青岛, or Qingdao as we English speakers know it today, was previously written as Tsingtao under the Wade-Giles format of transcribing Chinese to English. While that previous sentence might seem like more information than any of you need, I thought I’d toss that one out for the beer drinkers that have stumbled on an Asian pilsner at their grocery store and thought, “Why are the Chinese making pilsner?”

Germany was leased the Kiautshou Bay Concession from 1897 to 1914, of which Qingdao was the capital. This relatively small administrative city and fishing port was forever changed by the Germans. The most readily apparent evidence of German influence in Qingdao would be the architecture along with the ever-present availability of China’s first mass export to America and China’s #1 commercial export: Tsingtao beer. While one can purchase this beer in every corner shop and restaurant throughout China, along with any Publix in Florida, there’s only one town on the planet that you can imbibe this beverage fresh from the brewery … in a plastic bag with a straw.

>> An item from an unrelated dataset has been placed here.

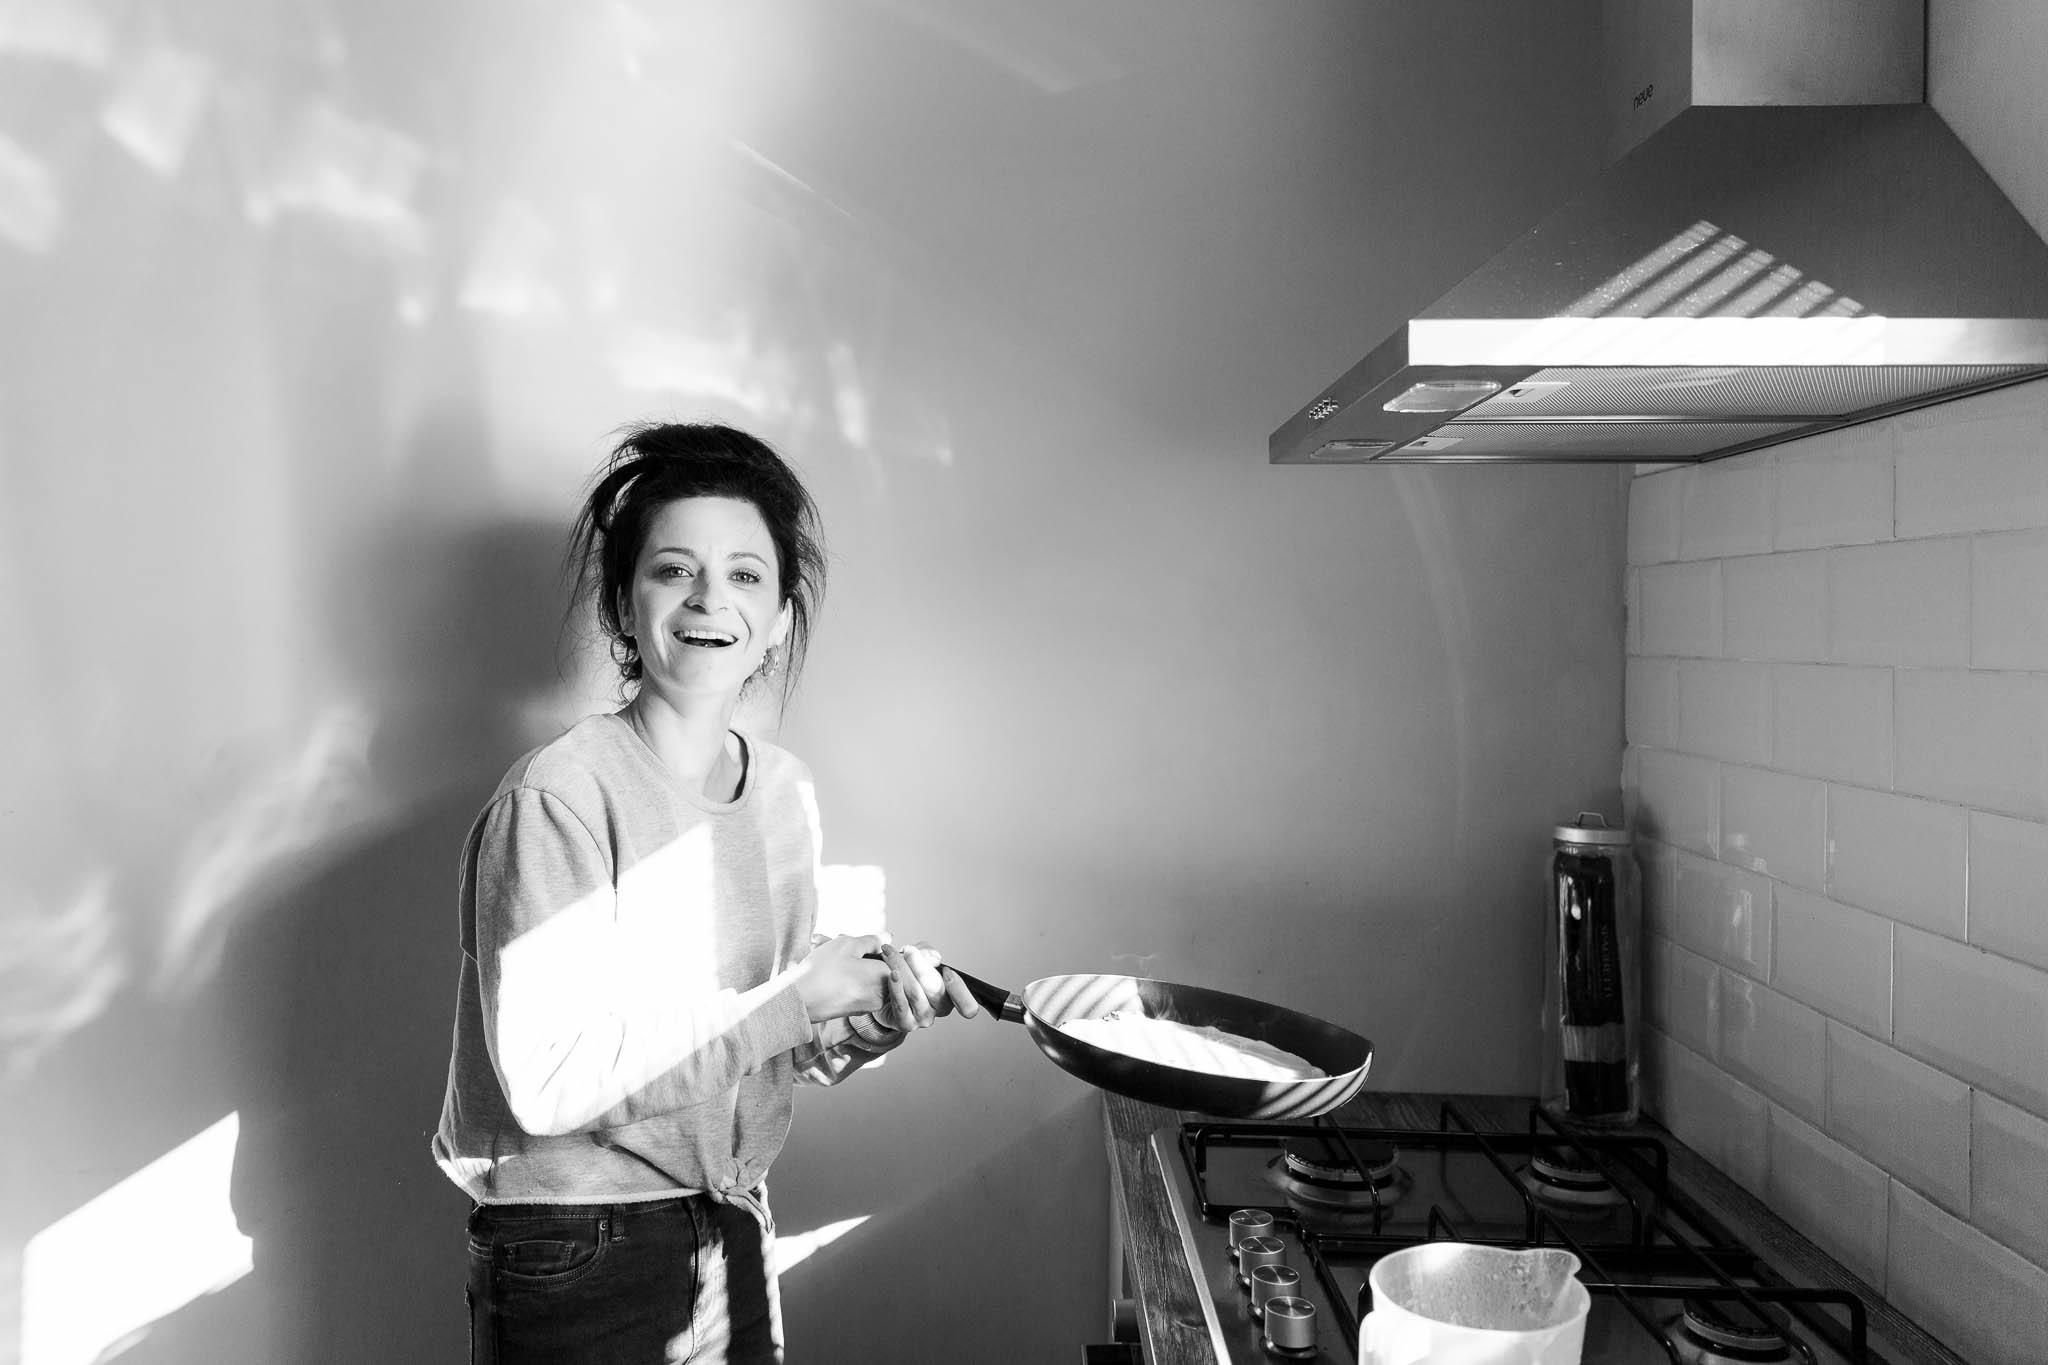 mum flipping pancakes at home

We had the pleasure of staying with our friend Dave in Qingdao, which helped to cut down on costs and see the city guided by someone who knows the ropes. Dave was able to point us to some highlights in the town.

Zhan Qiao Pier: For those of you at home, I’ll wait for you to open a bottle of Tsingtao. Once you’ve taken your first sip, turn the bottle and look at the label. The emblem on the logo depicts the pier down the street from Dave’s apartment building. You can actually see his apartment building from there. Wave, say hello! Hey Dave!

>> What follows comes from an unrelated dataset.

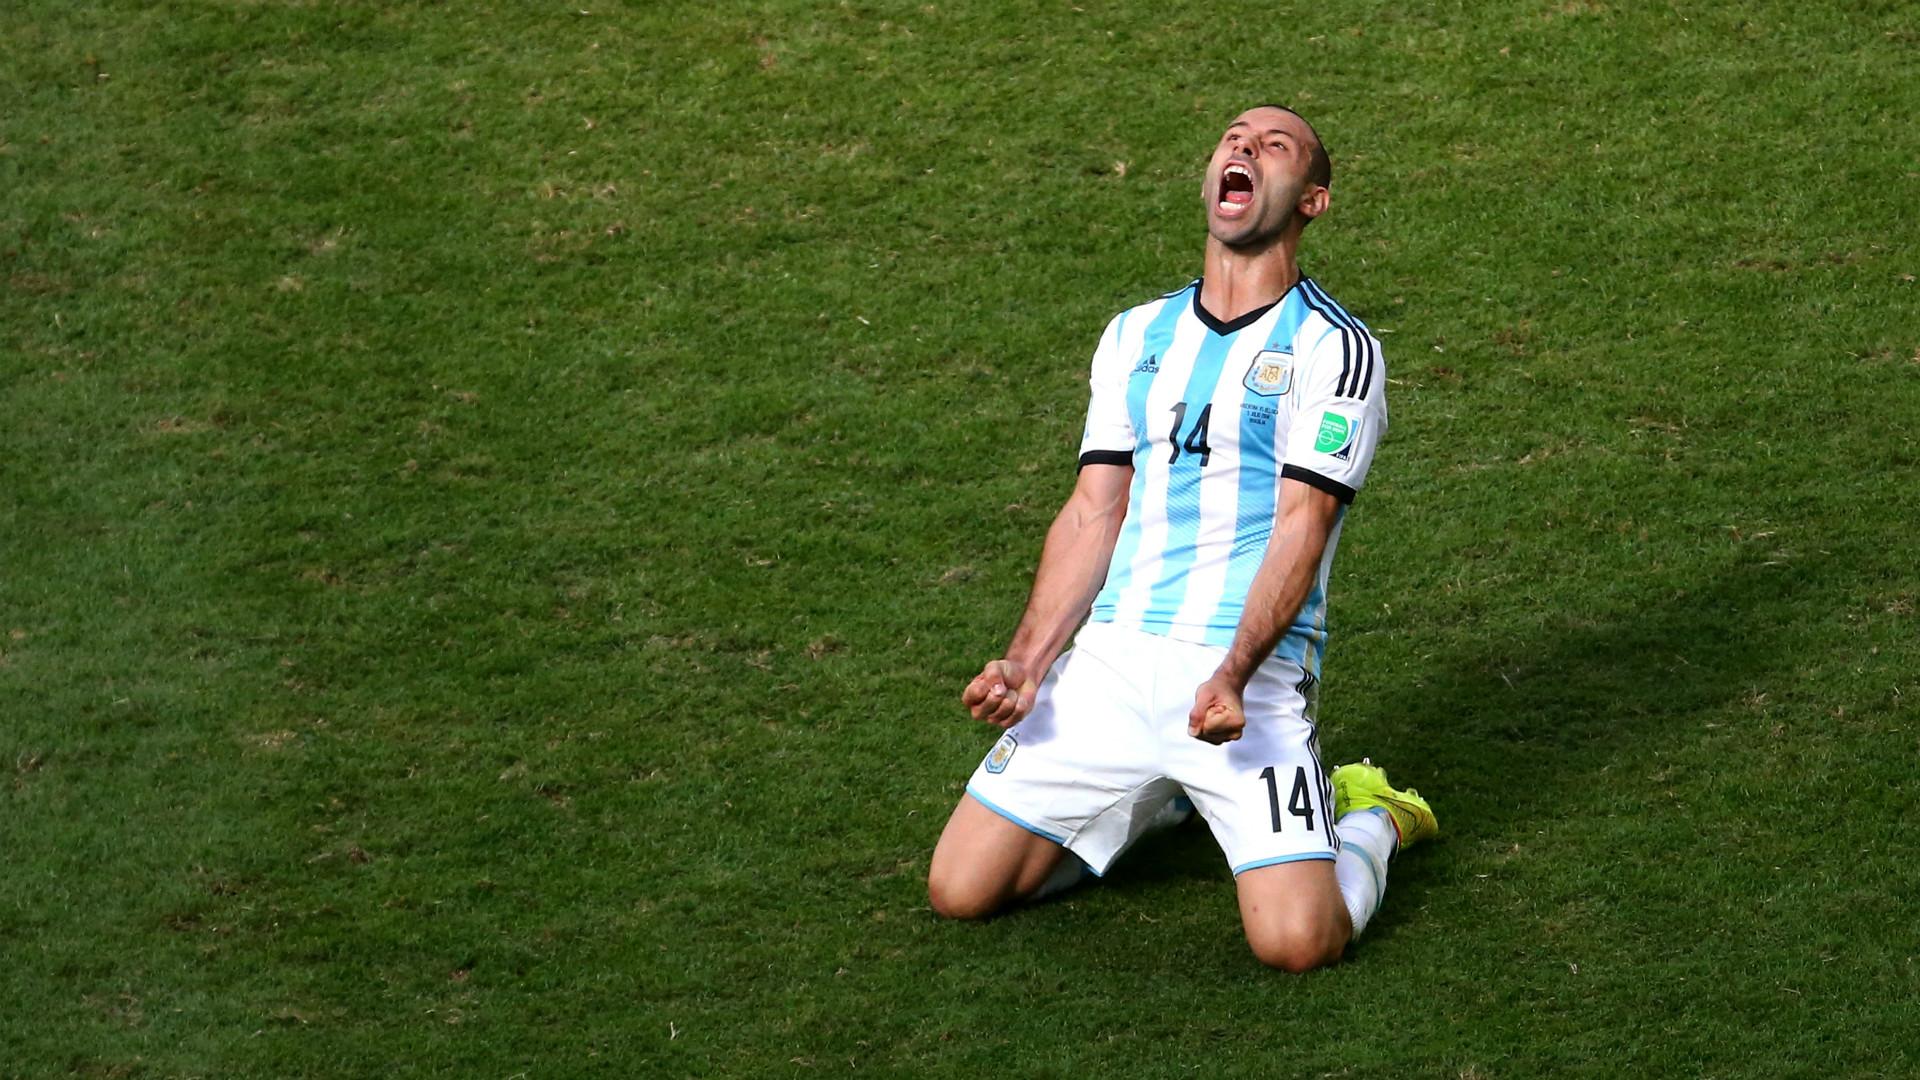 Selección argentina: Messi reapareció en el equipo titular y jugaría ante España

The Beach: Qingdao, today, serves as one of the biggest tourist destinations for Chinese. While it was a bit chilly to take a dip, I took a run through town and was able to take in views of the beach. It is gorgeous, with a boardwalk meandering along the beach, which goes from the old German concession area all the way to Lao Shan Mountain, some 15 miles away.

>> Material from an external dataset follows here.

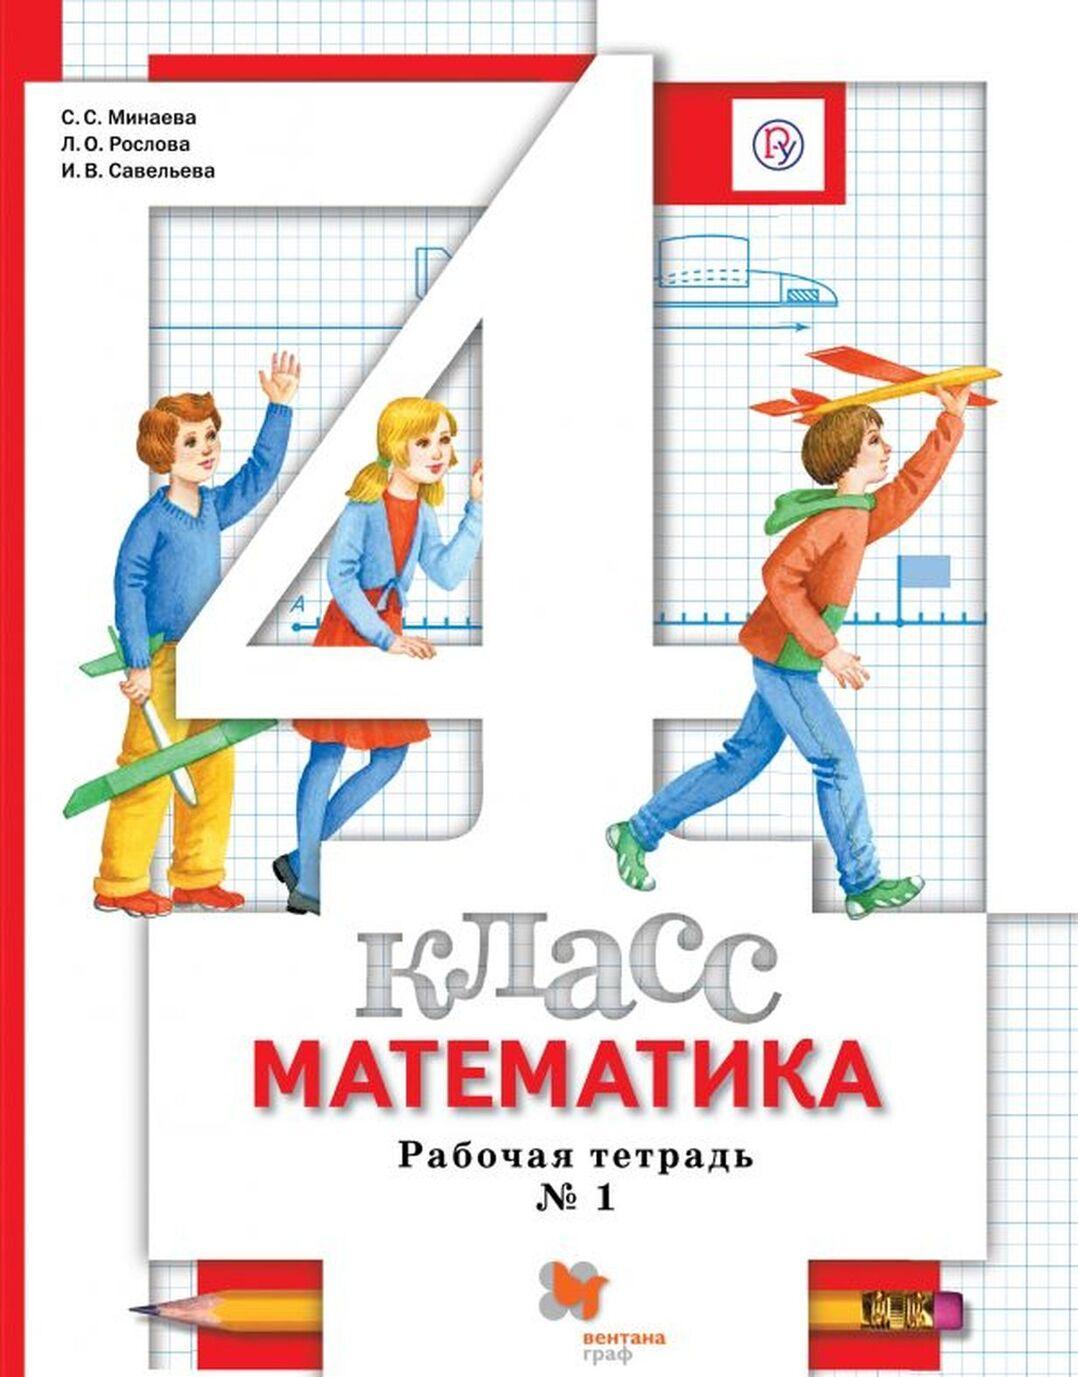 Matematika. 4klass. Rabochaja tetrad. V 2-kh chastjakh. Chast 1 | Minaeva Svetlana Stanislavovna, Saveleva Irina Viktorovna

The Old Observatory: Qingdao is divided into two halves with “old town” referring to the German concession, rife with colonial architecture, and “new town,” some seven miles away, boasting futuristic skyscrapers, golf courses and nightclubs catering to the tonier crowds. (Folks from Beijing and monied Western expats.) In the older, German side of town, there is,in fact, an old observatory, which has been converted into a youth hostel. On the roof of this building, where there is still a telescope, one can buy a Tsingtao and take in the views of the old German concession. We are told that this spot has an all-you-can-eat ribs night. While I can’t recommend the burritos, I am willing to return for the view alone.

Old Town Night Market: While many Chinese towns will have their own extensive markets, which operate both at night and early in the morning, Qingdao had a unique setup. Along with the meandering alleys where locals sell fish, lamb, pork, beef and vegetables, Qingdao had all sorts of marine life on offer. Squid anyone? Octopus? Sea cucumber? Anyone? Anyone?

Additionally, we had dinner in the middle of the night market and caught a bit of dinner theater. Comedians (the audience seemed to love it) and a magician (we probably applauded too enthusiastically for the slight-of-hand to make up for not getting any of the earlier jokes.)

While there was a lot more going on in Qingdao that I’m not capturing here, I am getting sleepy, and you all need your Cheerios.

We’ll be back at it just as soon as you all head to bed!